1) In 3 (UK) Div neither the 12th nor 20th ABCT's have any integral close support artillery at all.

2) all of 3 (UK) Divs artillery is concentrated in 1 DRSBCT (a total of 2 Reg F and 1 Res F self propelled close support regiments; 2 Reg F and 1 Res F MLRS regiments and 1 Reg F STA regiment). This is actually a good mix and appears to be a revival of the divisional artillery concept. For me the question that remains is how the artillery C&C structure will function seeing as the guns subordinated into a recce manoeuvre brigade rather than an artillery one.

3) In 1 (UK) Div, 7 LMBCT has one Reg F and 1 Res F L118 regiment;

4) also in 1 (UK) Div, 4 LBCT has only one Res F L 118 regiment;

5) (Just as an aside, 19 Brigade is organized to 8 Res F light infantry battalions and 2 Res F light recce regiments which are not otherwise allocated to other formations. (basically a reserve pool)

6) 7 Air Defence group contains 2 Reg F and 1 Res F air defence regiments;

7) 16 Air Assault BCT has one Reg F para L118 regiment;

8) the Intel, Surv and Recce group (basically a total force intelligence org) has one Reg F MUAS arty regiment and one Reg F TUAS arty regiment;

9) 3 Cdo Bde retains one Reg F Commando L118 regiment

A key factor is that every Res F arty unit has a defined role to add batteries to Reg F regiments (somewhat of a 70/30 structure, albeit some Reg F regiments-the more quick reaction ones-are 100/0 and one Res F regiment in 4 LBCT has a 0/100 role)

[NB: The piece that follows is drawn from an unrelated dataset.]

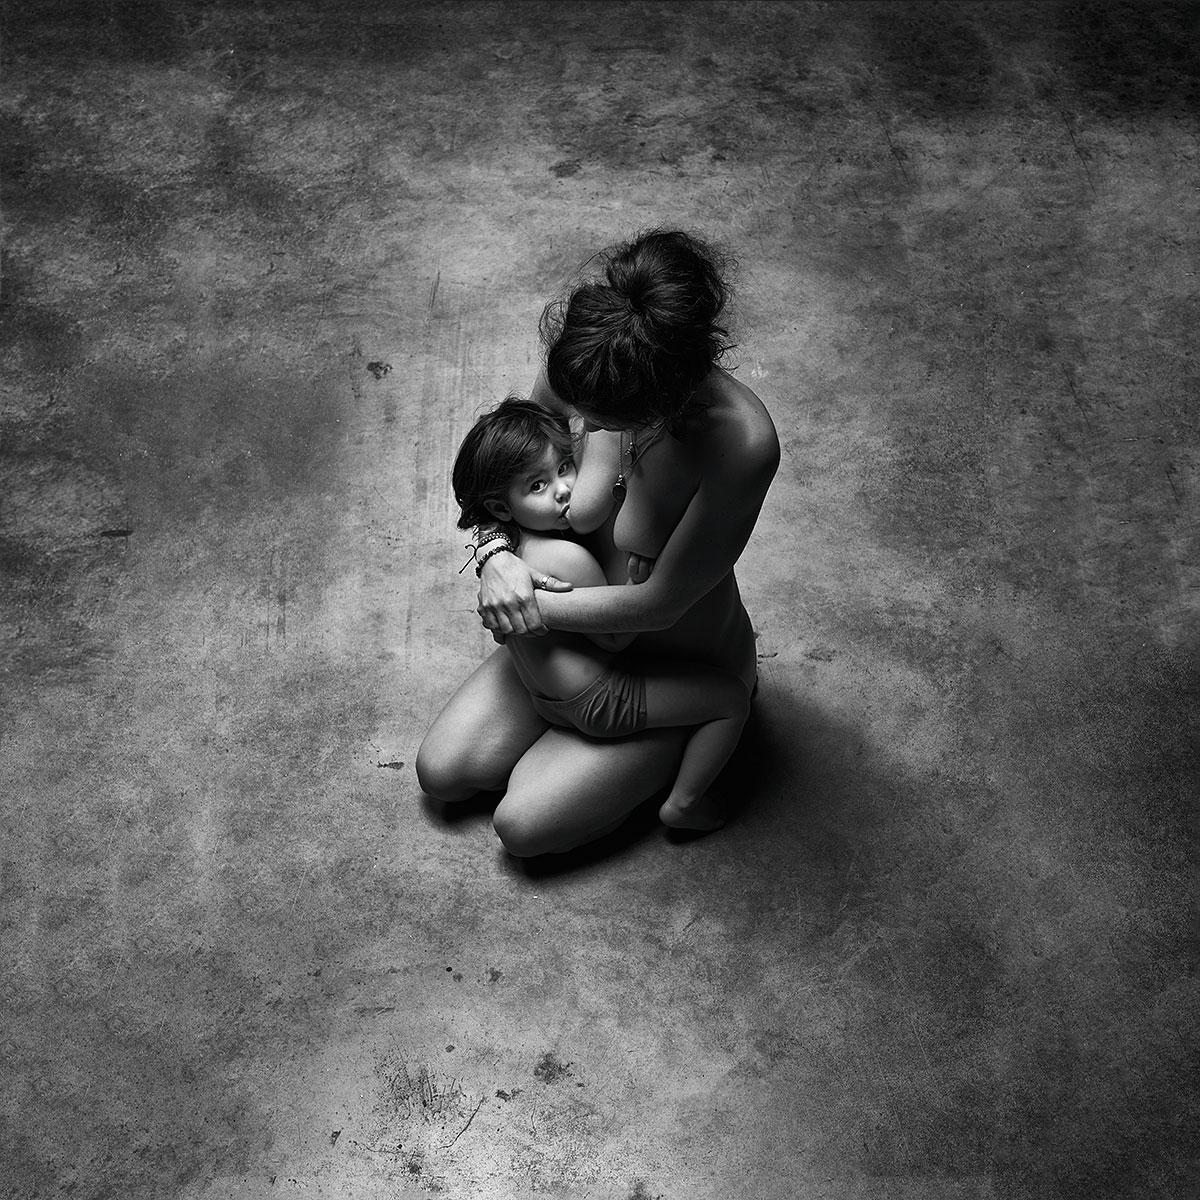 Rhéa ShirUdo photographe maternage proximal en Normandie

I generally like this. One comment is that perhaps 3 (UK) could have done with a larger Res F to Reg F ratio but I expect the current allocation speaks to the fact that the UK considers the NATO role there a quick reaction/short notice one in large part.

The purpose of the general duties pool of inf and recce in 19 Brigade speaks somewhat of homeland security aided and abetted by cap badge protection.

I love the 101 & 102 Operational Sustainment Brigades (and their total force mix) - we need that desperately.

I also find it interesting that engineer resources for both 1 and 3 (UK) Divs are centralized in two Engr Bdes.

🍻

My sense is tha 1 UK Div won't be deploying 4 and 7 Brigades as formed brigades on many occasions. I believe that they will be rotating battle groups in and out of various countries and that the reserve units of 19 Brigade will be supplying augmentation with individuals and possibly up to the company level.

Beyond that all of the Reserve units will likely have a Home Defence / Civil Defence priority tasking.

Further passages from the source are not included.